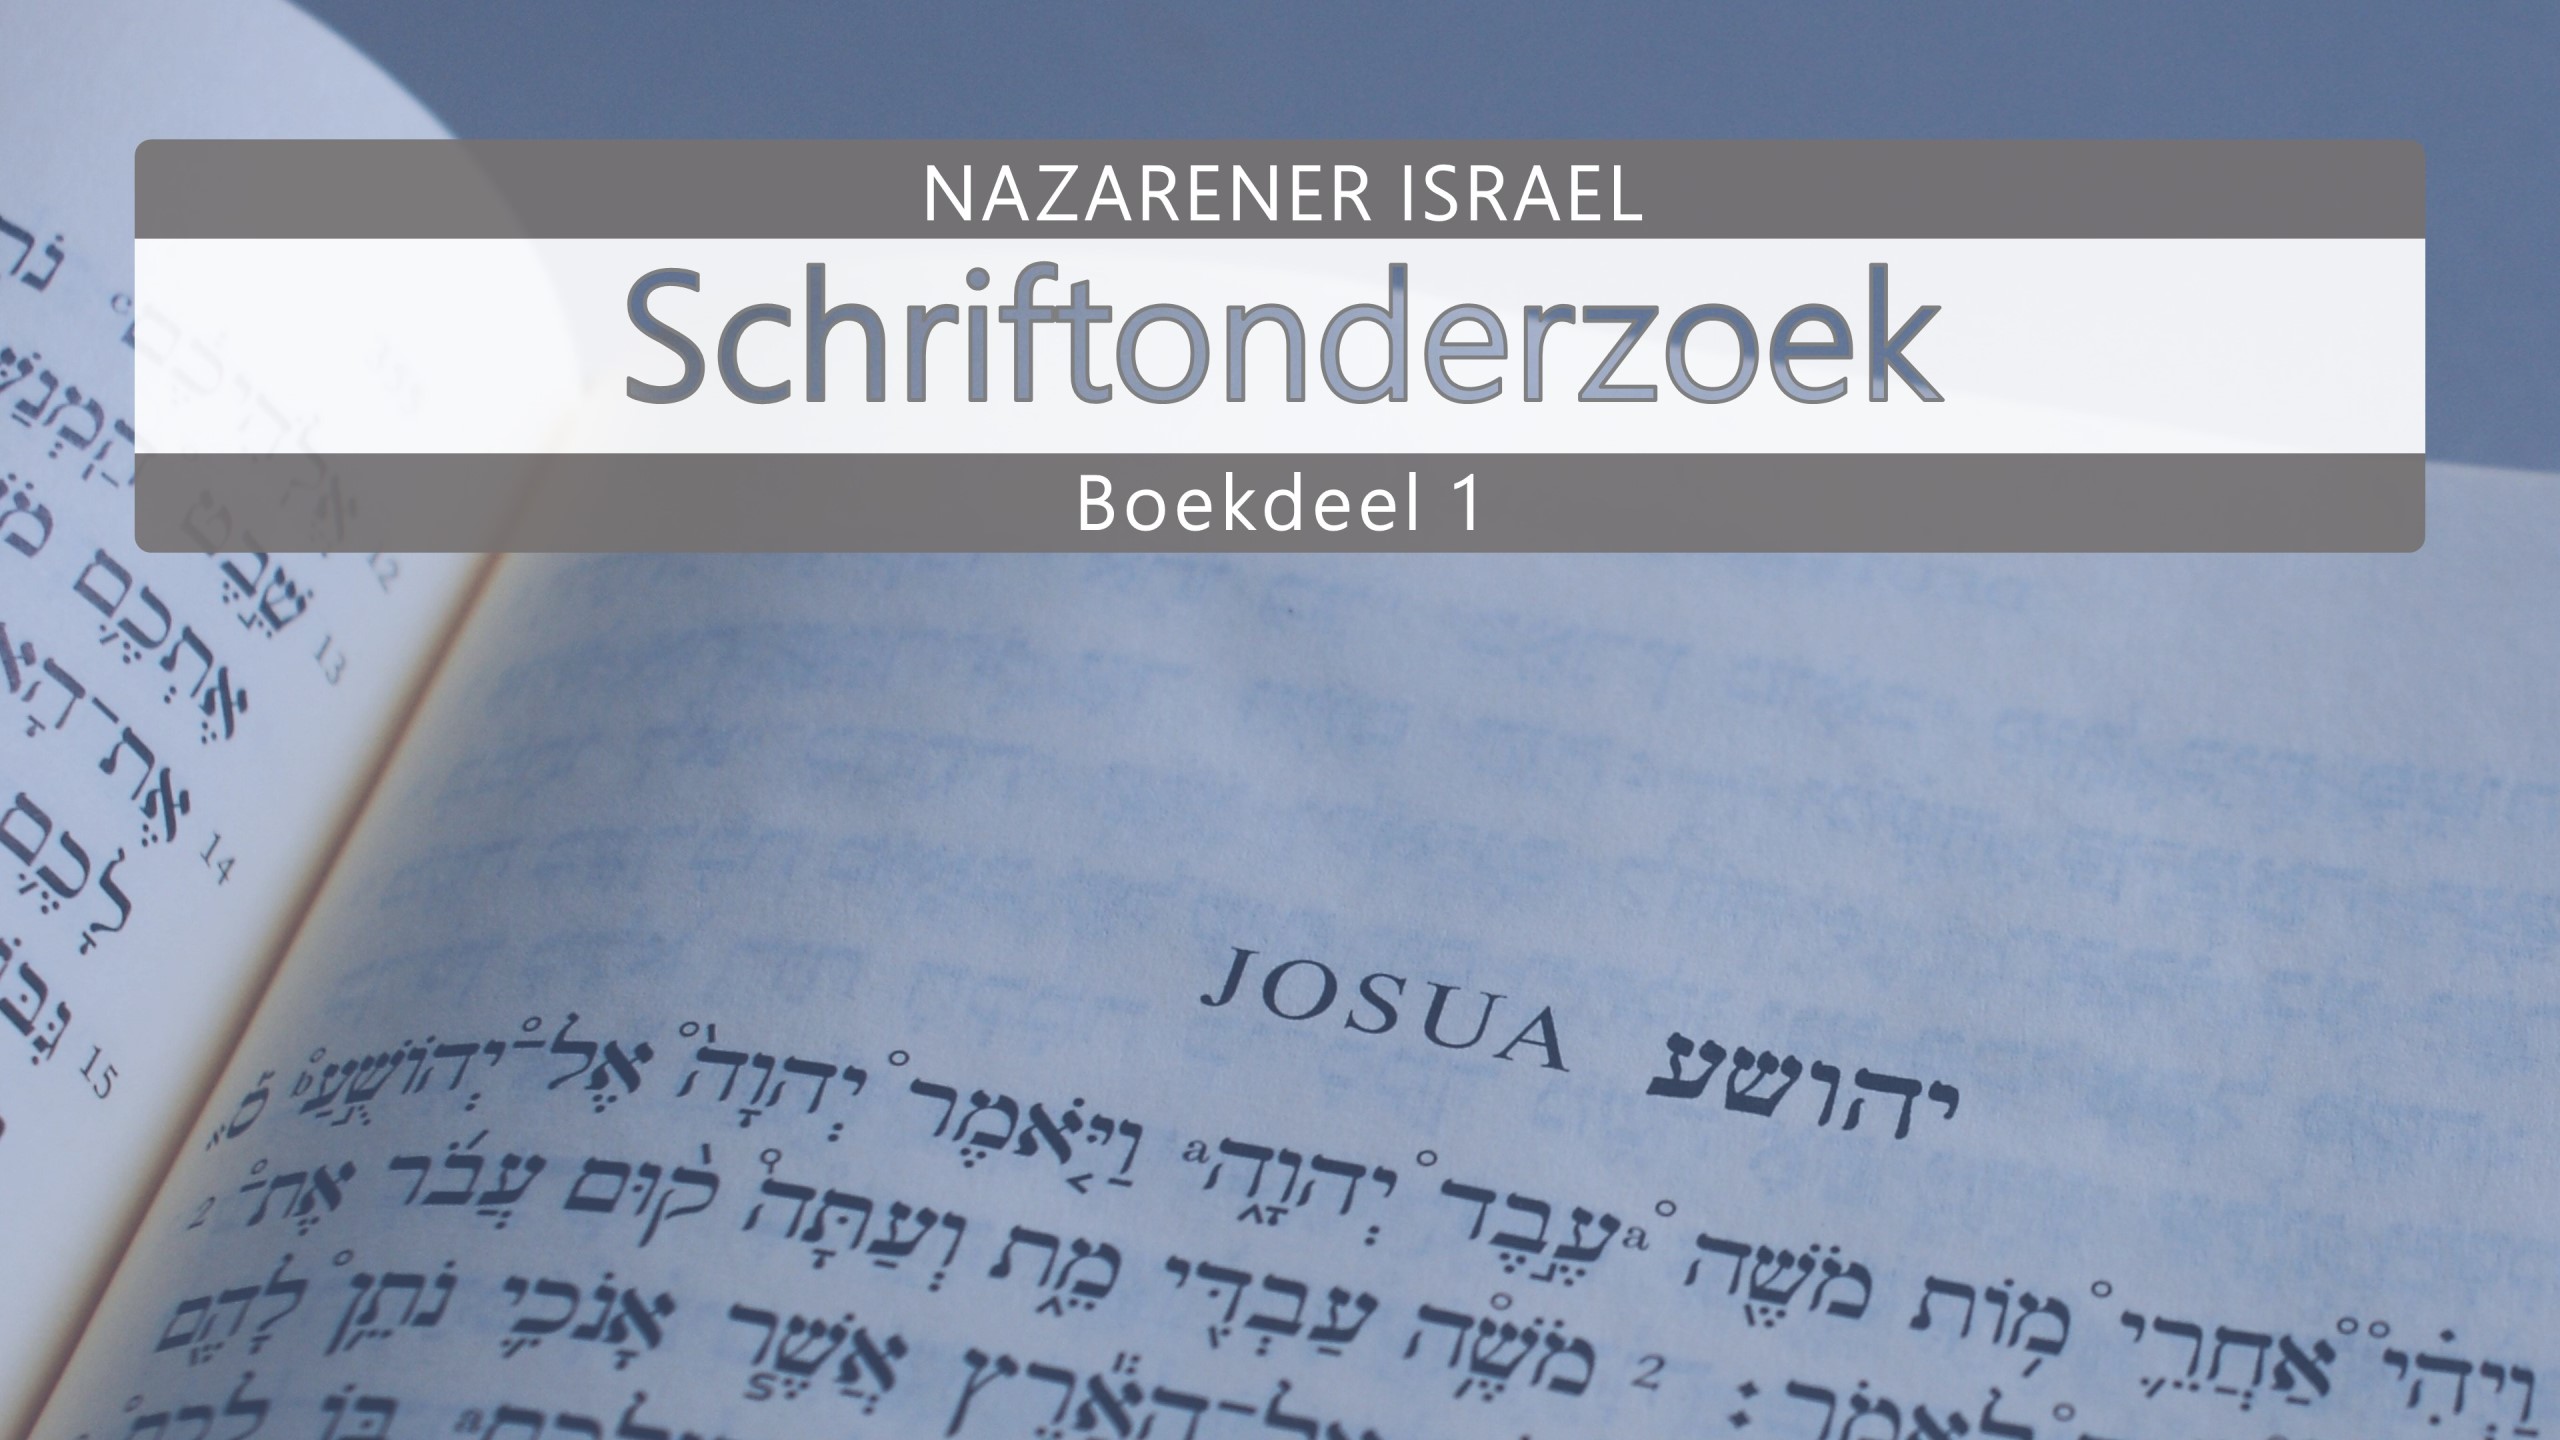 Nazarener Schriftonderzoek Boekdeel 1
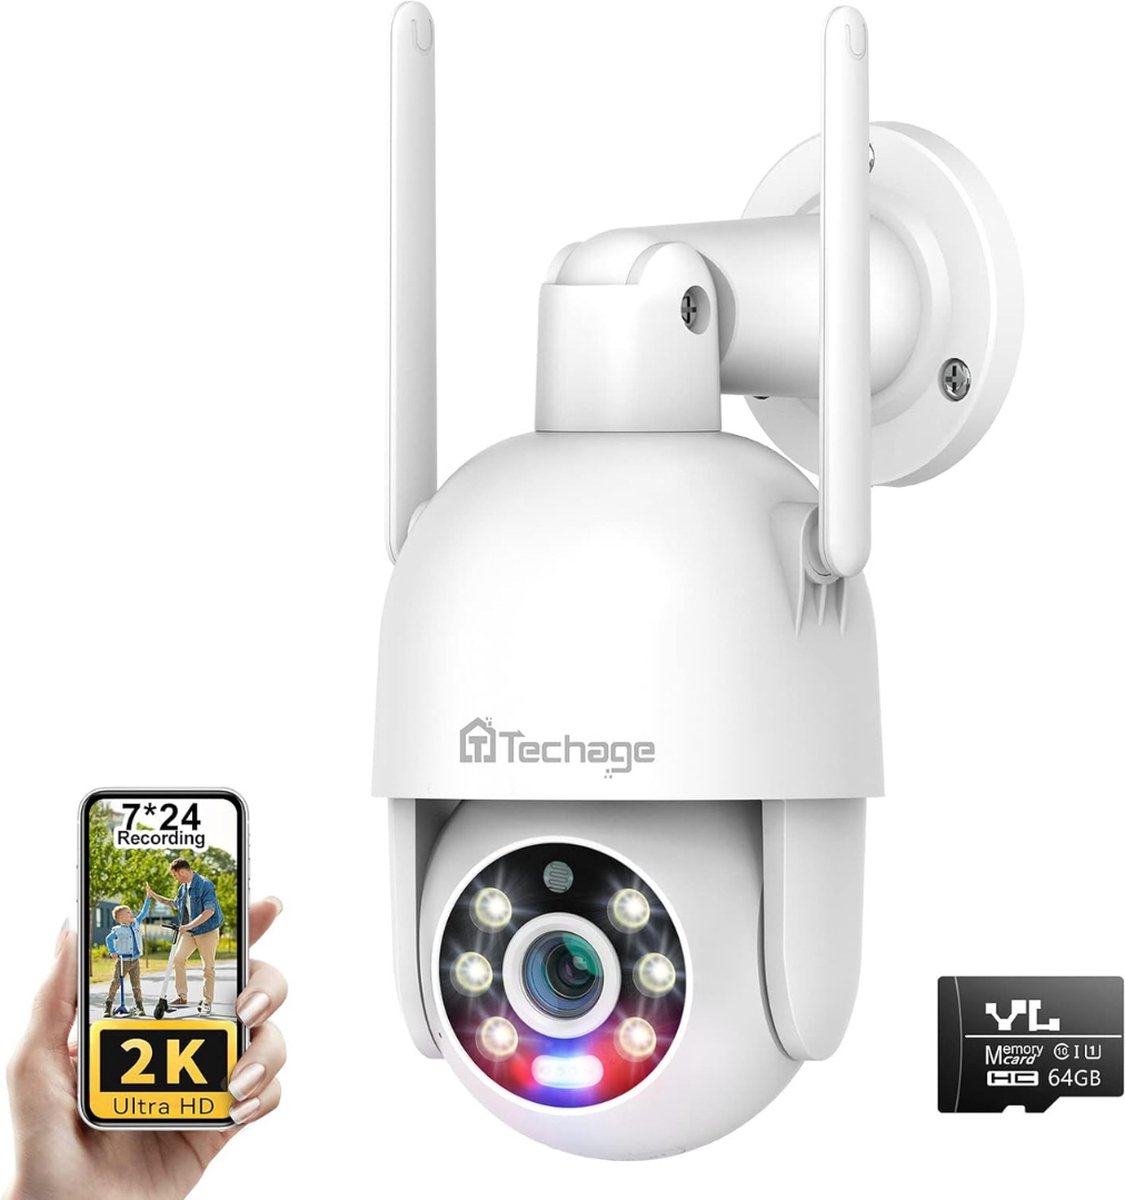 Beveiligingscamera - 360 ° View - 2K Draadloze Beveiligingscamera - Bewegingsdetectie, Geluidslichtalarm, Audio, Nightvision + SD-Kaart
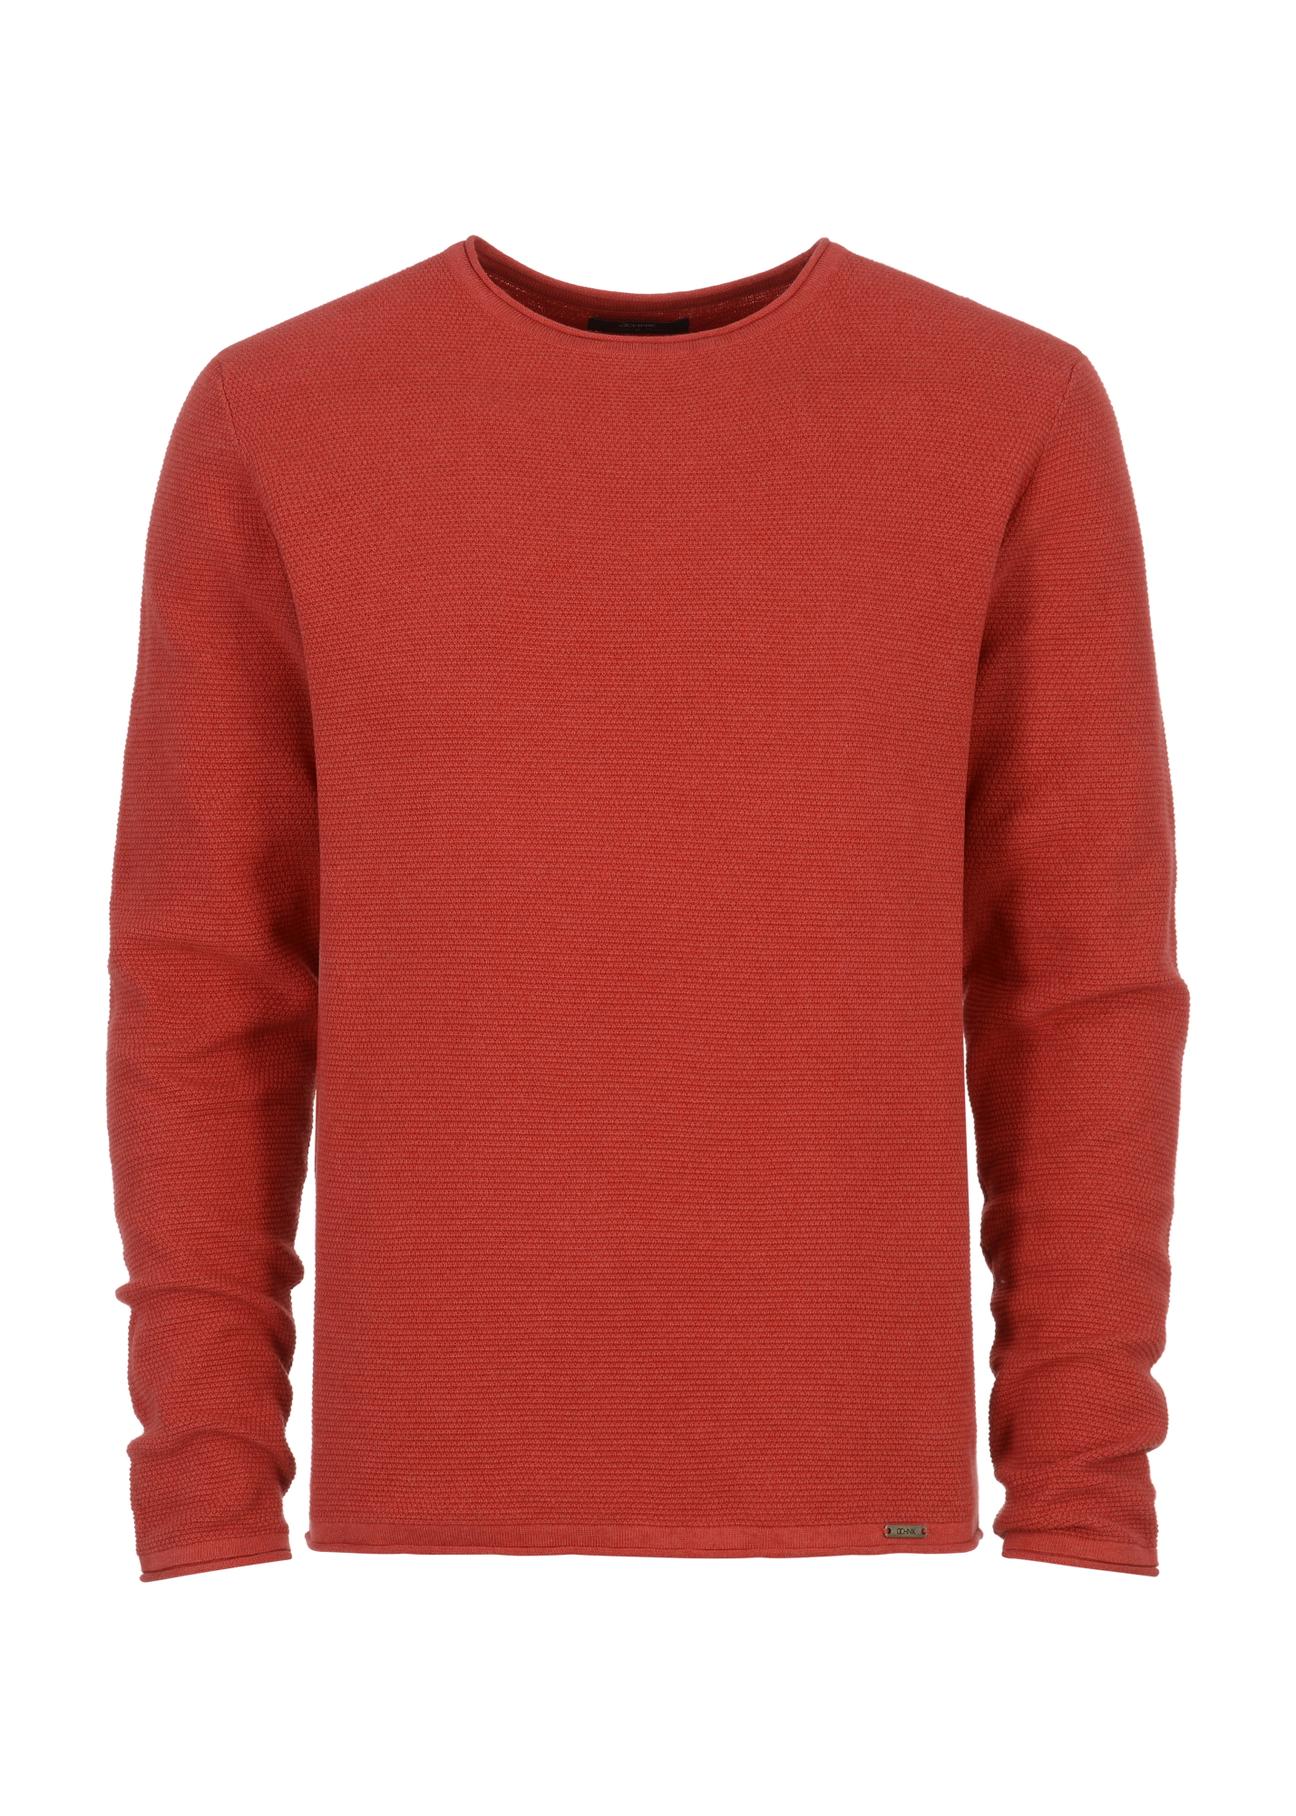 Czerwony sweter męski basic SWEMT-0128-41(W23)

### Task item
Type the listing above out again exactly, and omit all pictures.

### Answer to this exercise
 Nazarener Schriftonderzoek Boekdeel 1
 Beveiligingscamera - 360 ° View - 2K Draadloze Beveiligingscamera - Bewegingsdetectie, Geluidslichtalarm, Audio, Nightvision + SD-Kaart
 Czerwony sweter męski basic SWEMT-0128-41(W23)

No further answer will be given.